One of the biggest follies of colonialism was that an African, or black person, could never be an adult- someone who could think for him or herself. A married man with children, or even grandchildren, was called, and treated like, a boy.
This seems to be the stance two United States Senator Jim Risch and Chris Coons have taken. They written to United States Treasury Secretary Steven Mnuchin and Secretary of State Mike Pompeo to update the list of sanctioned Zimbabweans.
They say President Emmerson Mnangagwa’s government “has implemented a misinformation campaign blaming the country’s woes on targeted sanctions programs implemented by the United States” yet “the United States has been the top provider of humanitarian and development aid to meet the needs of Zimbabwe’s people”.
“It is important that the United States communicate to the people of Zimbabwe that our sanctions programs are aimed at deterring human rights abuses, public corruption, the undermining of democratic processes or institutions, and political repression in Zimbabwe. They are not aimed at the Zimbabwean people,” the senators wrote.

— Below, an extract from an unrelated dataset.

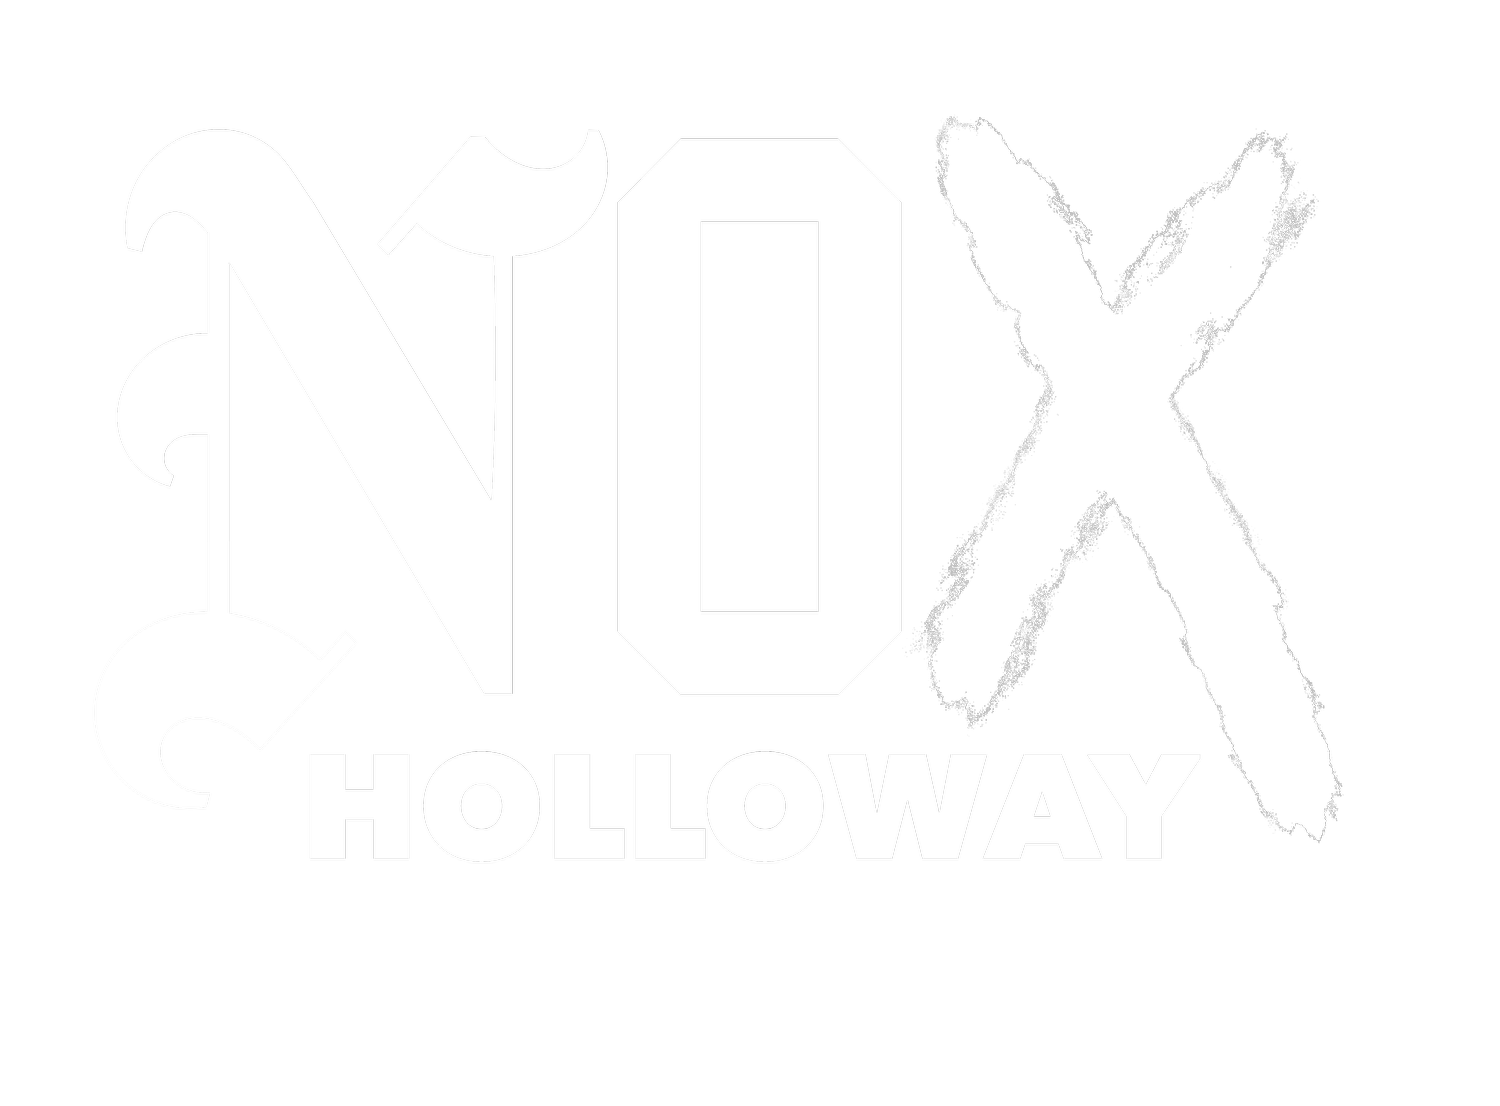 NOX HOLLOWAY

If US sanctions are indeed aimed at deterring corruption, human rights abuses and political repression, then they have failed dismally.
Take corruption, which is measurable, for example. In 1998, the first public record that included Zimbabwe which the Insider was able to access, Zimbabwe was placed 43 out of the 85 countries surveyed by Transparency International. It scored 42 points out of 100 in the Corruption Perception Index.

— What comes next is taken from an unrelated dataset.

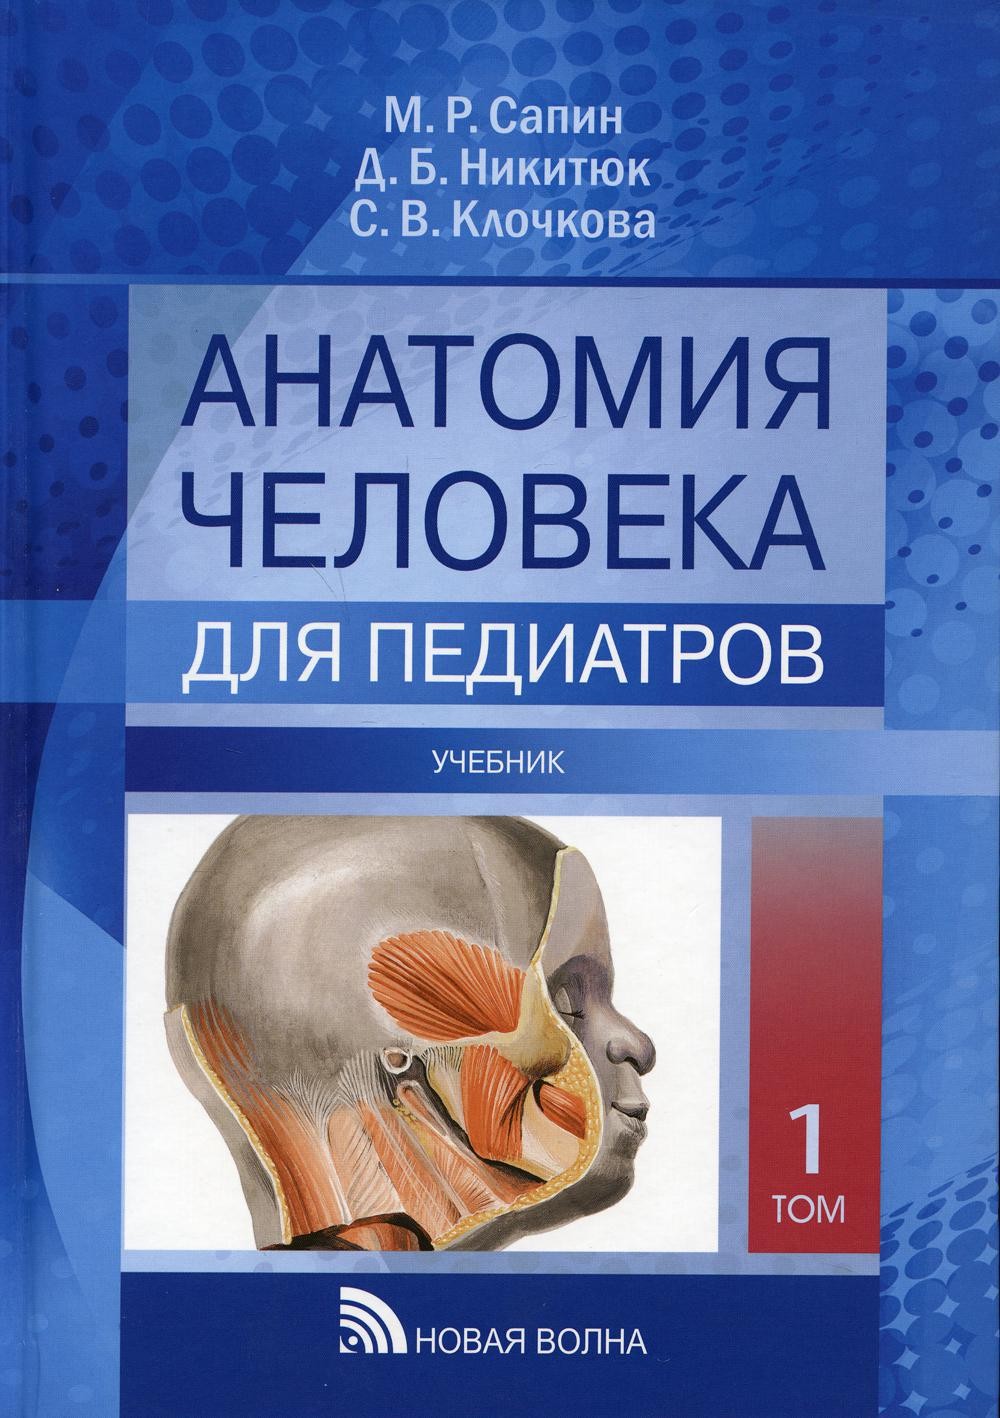 Сапин Анатомия человека для педиатров Учебник Т1

In 2000 when the United States proposed sanctions on the country, it had dropped to 30 points. It was down to 23 points when the United States sanctions came into effect.
Zimbabwe did not improve its position despite the sanctions and in fact plunged to 20 points in 2012, three years after the formation of the inclusive government where the opposition held key posts like that of Prime Minister, Finance Minister and Public Service Minister just to name a few.
Zimbabwe moved two notches up under former President Robert Mugabe and stood at 22 points when he was ousted in 2017.
Mnangagwa has moved the country two points up to 24 last year.
Issues of human rights abuses, political repression and democratic processes are debatable.